In the same vein, it should be remembered that fully remote working practices have not yet become ingrained in European habits. A McKinsey & Company study shows that a mere 19% of companies are planning to offer more than 3 days’ teleworking per week.

The idea may be catching on, yet employees remain attached to the idea of physical presence in the office. This makes the transformation towards “all remote” look less clear, and not something to be implemented by force. IPSec VPN remains a simple, efficient and inexpensive way of connecting employees to their office for a few days a week. This has been demonstrated by the COVID-19 crisis, with most companies switching to teleworking by buying laptop PCs for their users, accompanied by a quickly-implemented IPSec tunnel. Some statistics show an explosion in the use of VPN technologies in March 2020, with 160% growth in Italy, 58% in Spain and 44% in France.

Lastly, IPSec VPN may still be of use to some more expert users for its ability to provide a fiendishly effective way of staying anonymous on the Internet.

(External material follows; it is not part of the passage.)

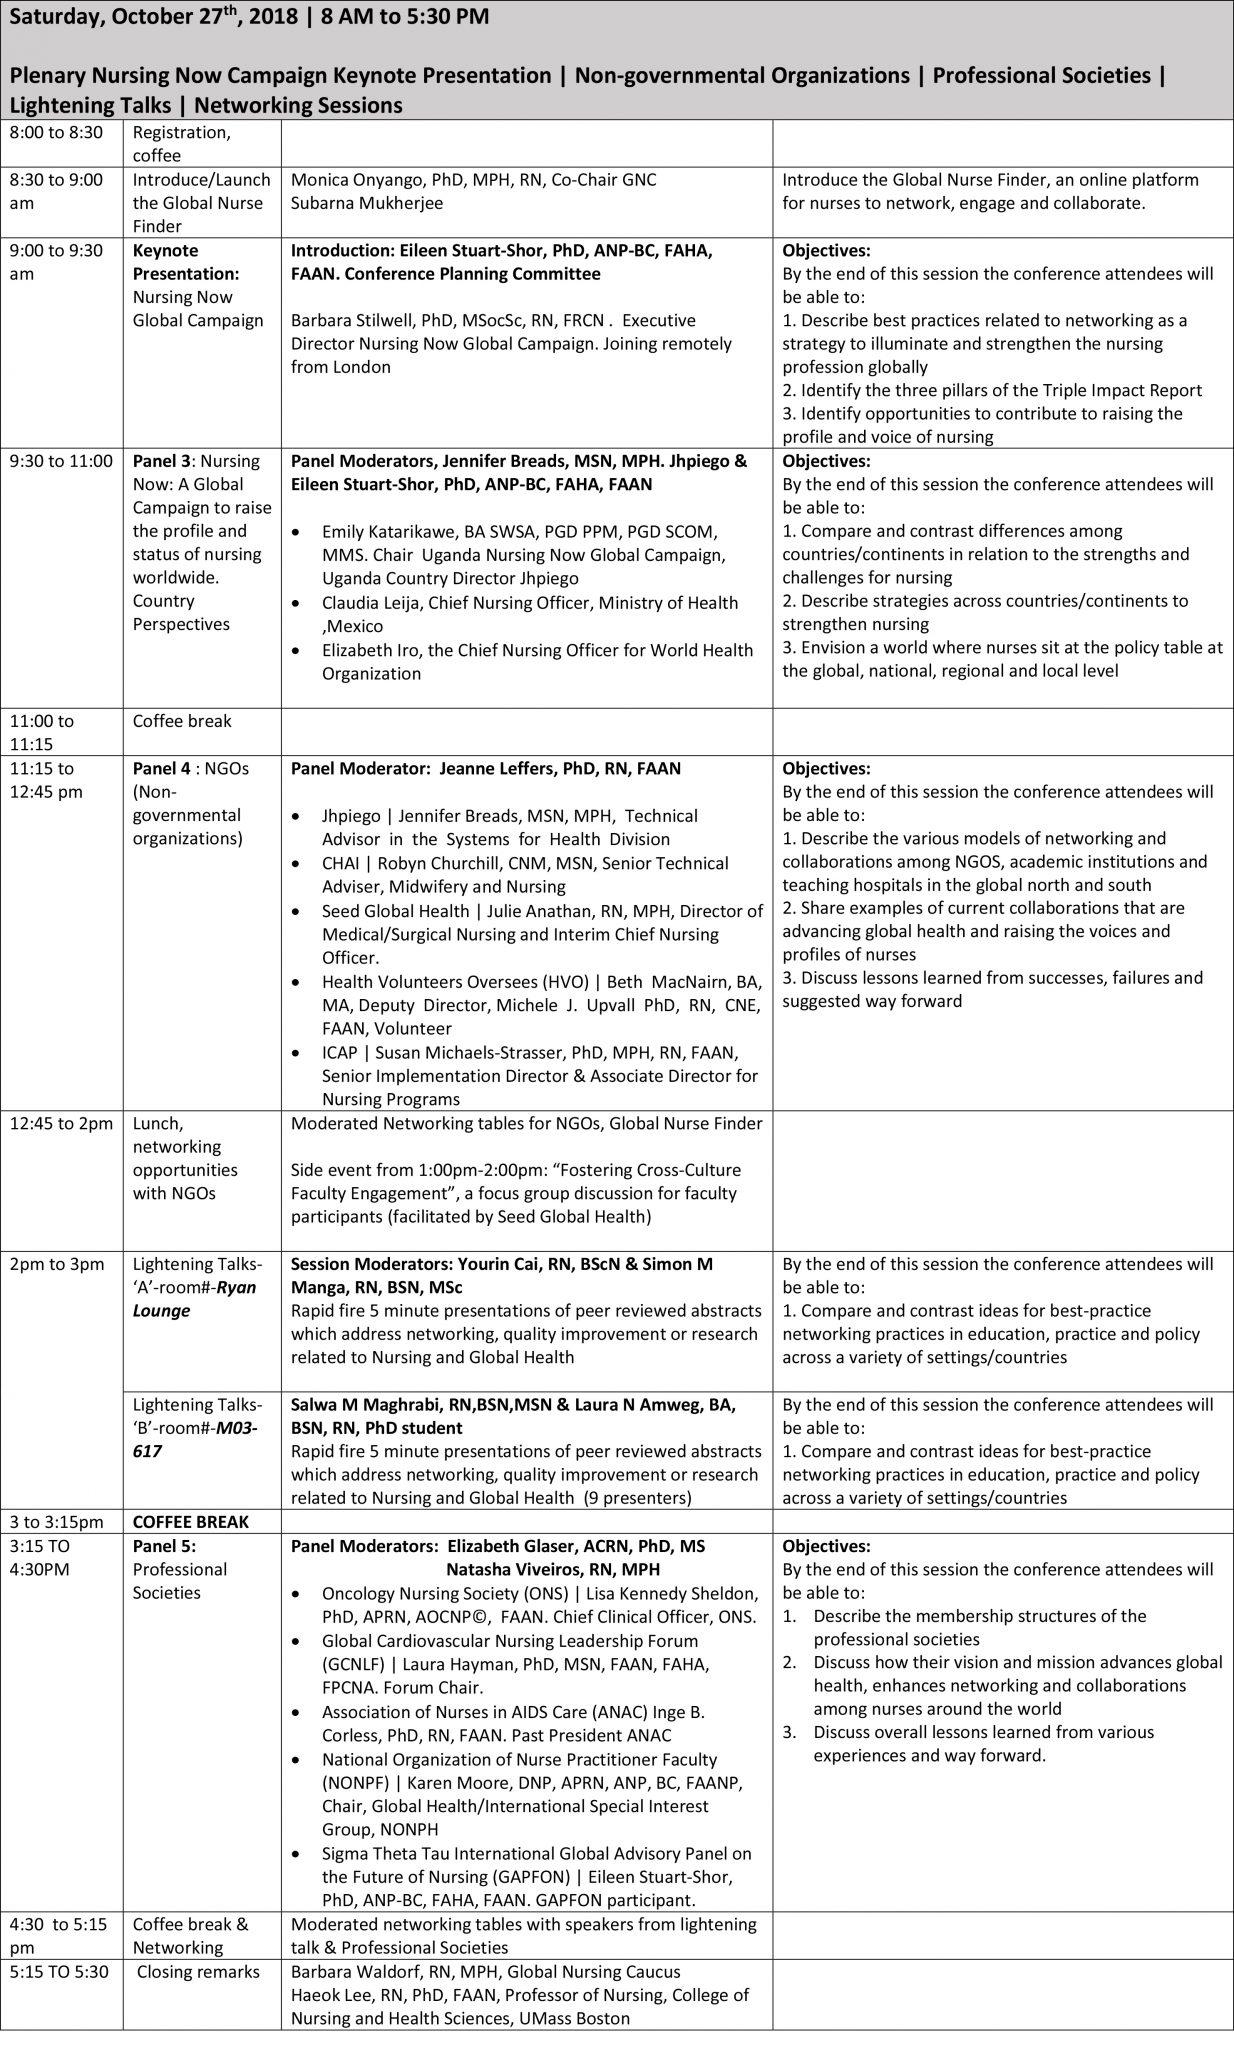 Panel Descriptions and Speaker Biographies

To prove this point, consider the widespread use of anonymisation platforms such as: NordVPN, ExpressVPN, CyberGhost, etc. At a time when debates over France’s Security Law rage, it is likely that anonymisation issues will increasingly come to the fore and that VPN technology will be one of a number of responses – not just at individual level, but even for international administrations and companies wishing to ensure that all data flows are transited via geographical areas that are deemed to be safe.

Could IPSec VPN even be a technology of the future?

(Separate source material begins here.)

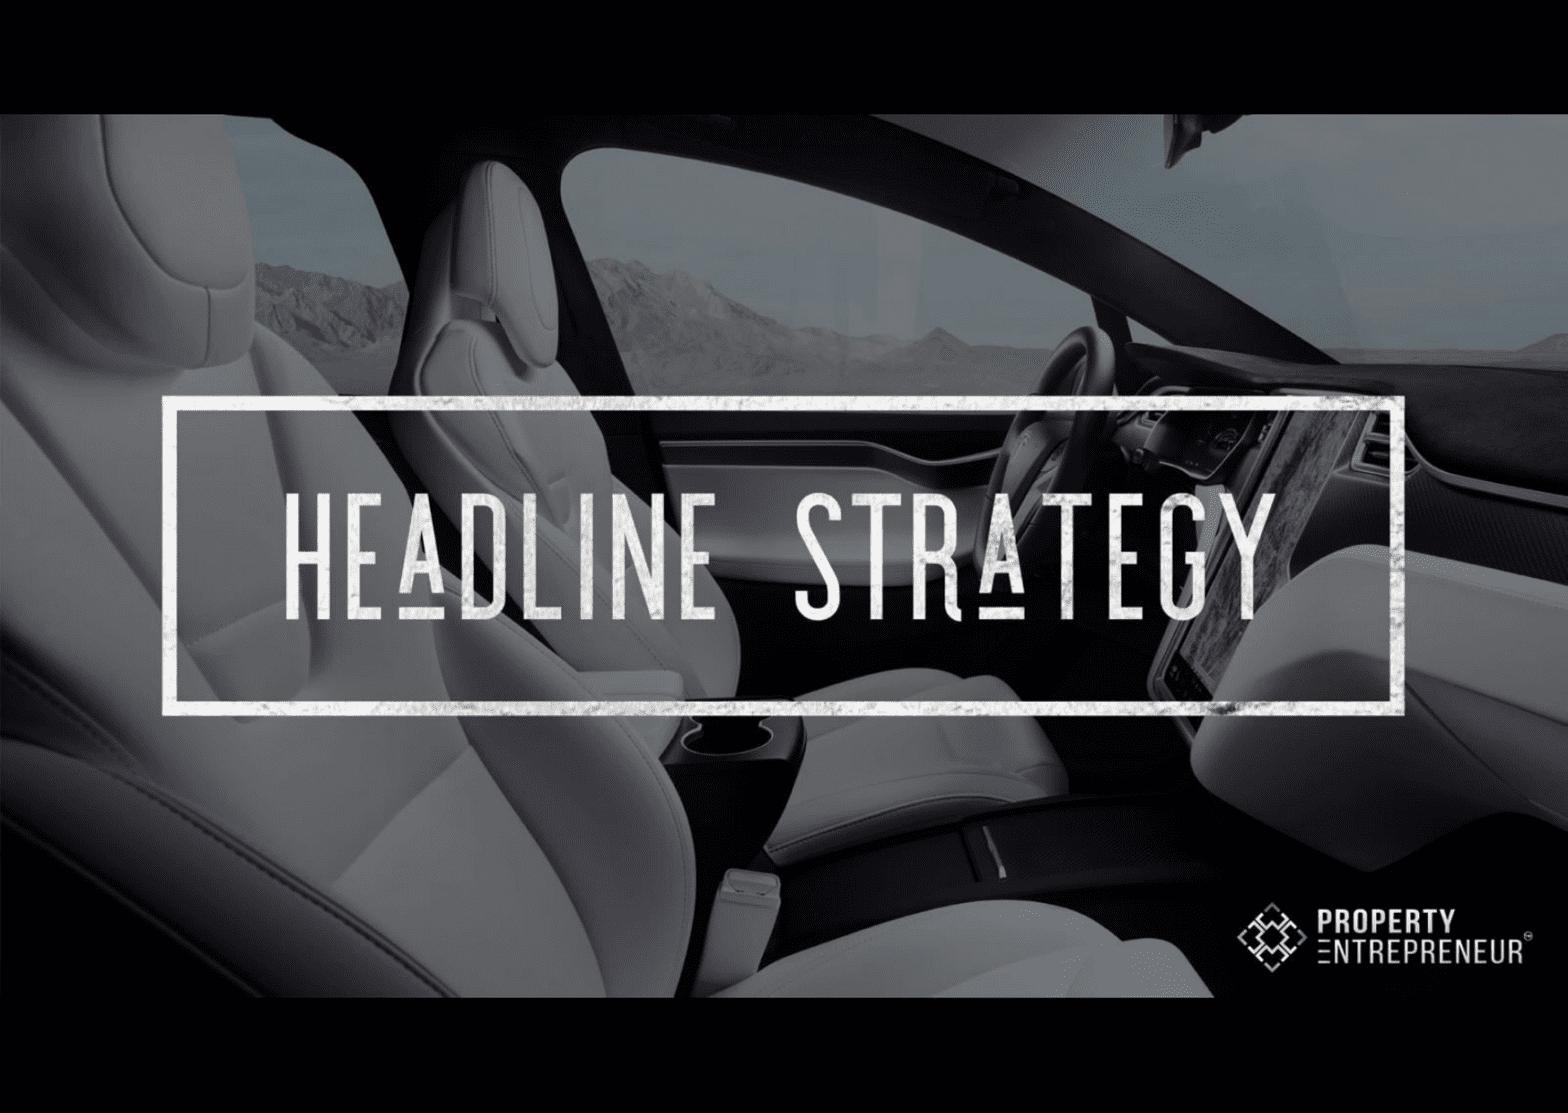 Headline Strategy

Predicting the death of the VPN is clearly a risky business. Although it may not seem to address the new issues relating to the “cloudification” of applications, it continues to be very widely used in IT infrastructures. I say “seem” because it may be unwise for us to be too hasty in burying a very efficient, reliable and secure technology. It is important to make a distinction here between the protocol itself and its implementation in a range of products of sometimes dubious quality (a nod to solutions from Juniper, Citrix and Zyxel).

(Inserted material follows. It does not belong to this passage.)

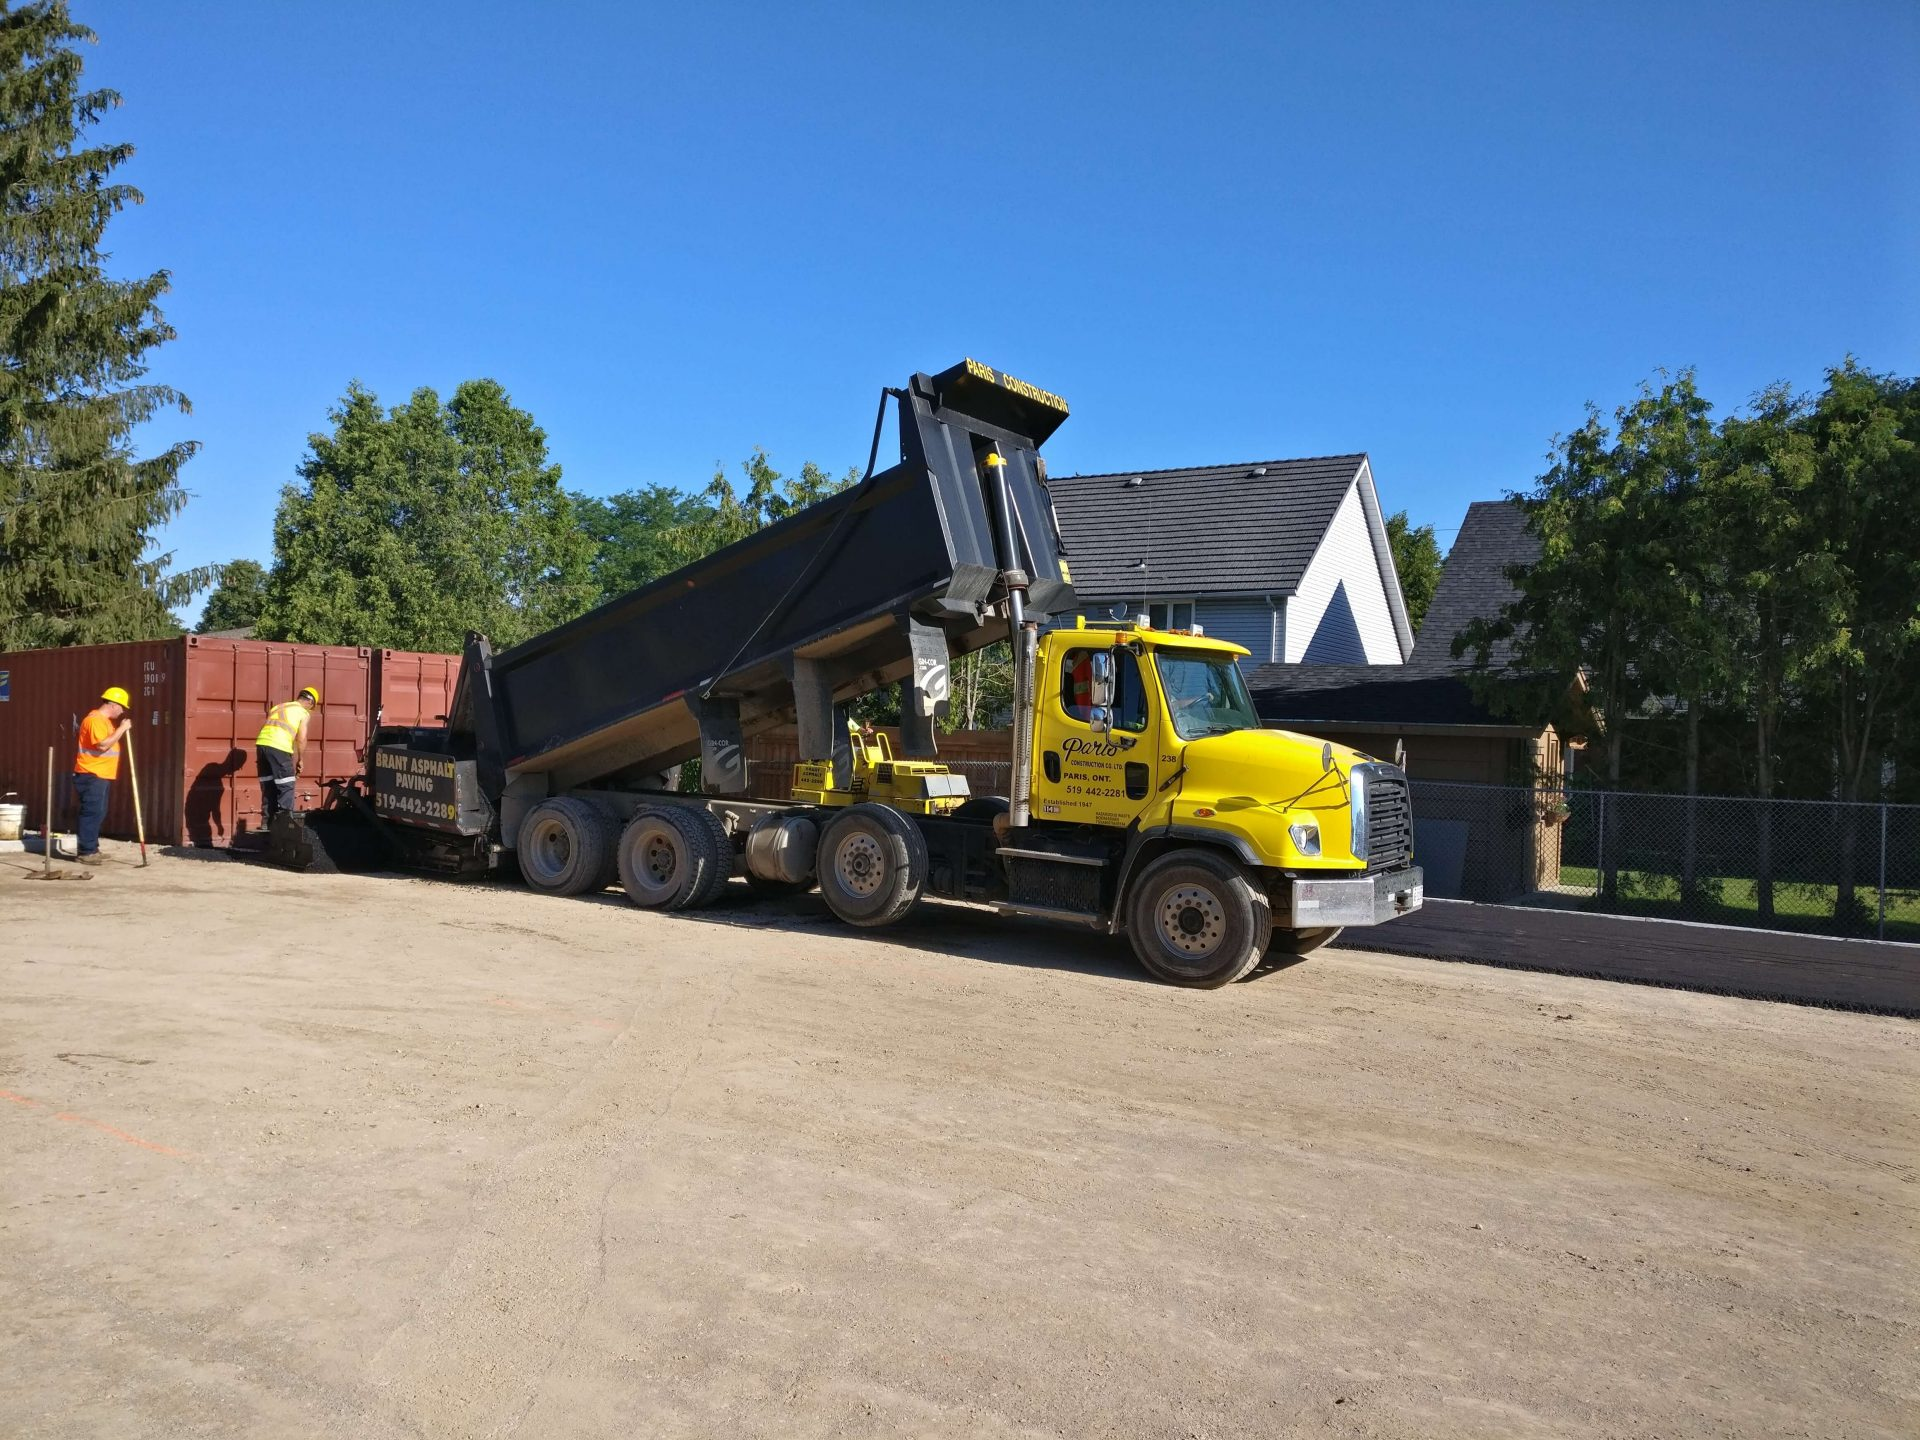 Paris Construction starting paving operations

Similarly, it makes no sense to claim that ZTN will render the VPN obsolete: it is meaningless to pit a concept against a technology. Looking more closely, we could even go so far as to suggest that the VPN will play a role in the advent of the ZTN. Realistically speaking, a technology that mutually authenticates and protects data in transit is required for the ZTN – and the IPSec VPN meets such requirements. Ultimately, it even seems possible that the trusted networks of the future will be complex, autonomous networks of applications and clients interconnected via VPNs. A sort of “full mesh” network in which authorisation to establish communications will be delivered via security policy, and communication provided via IPSec. Which could look something like this diagram:

 Fig.3: illustration of full-mesh VPN

No, the VPN is not dead

Far from it, in fact. It is currently at the peak of its use, and could conceivably continue to see use for another ten years to come. In addition, it has been shown that it could be a simple, robust platform forming the basis of reliable, secure agile networks, thus ushering in new concepts for secure interconnections. It will always be an effective weapon in the arsenal of current and future cybersecurity tools.

However, it may be time to start mourning the passing of the “trusted” LAN. But that’s a story for another day.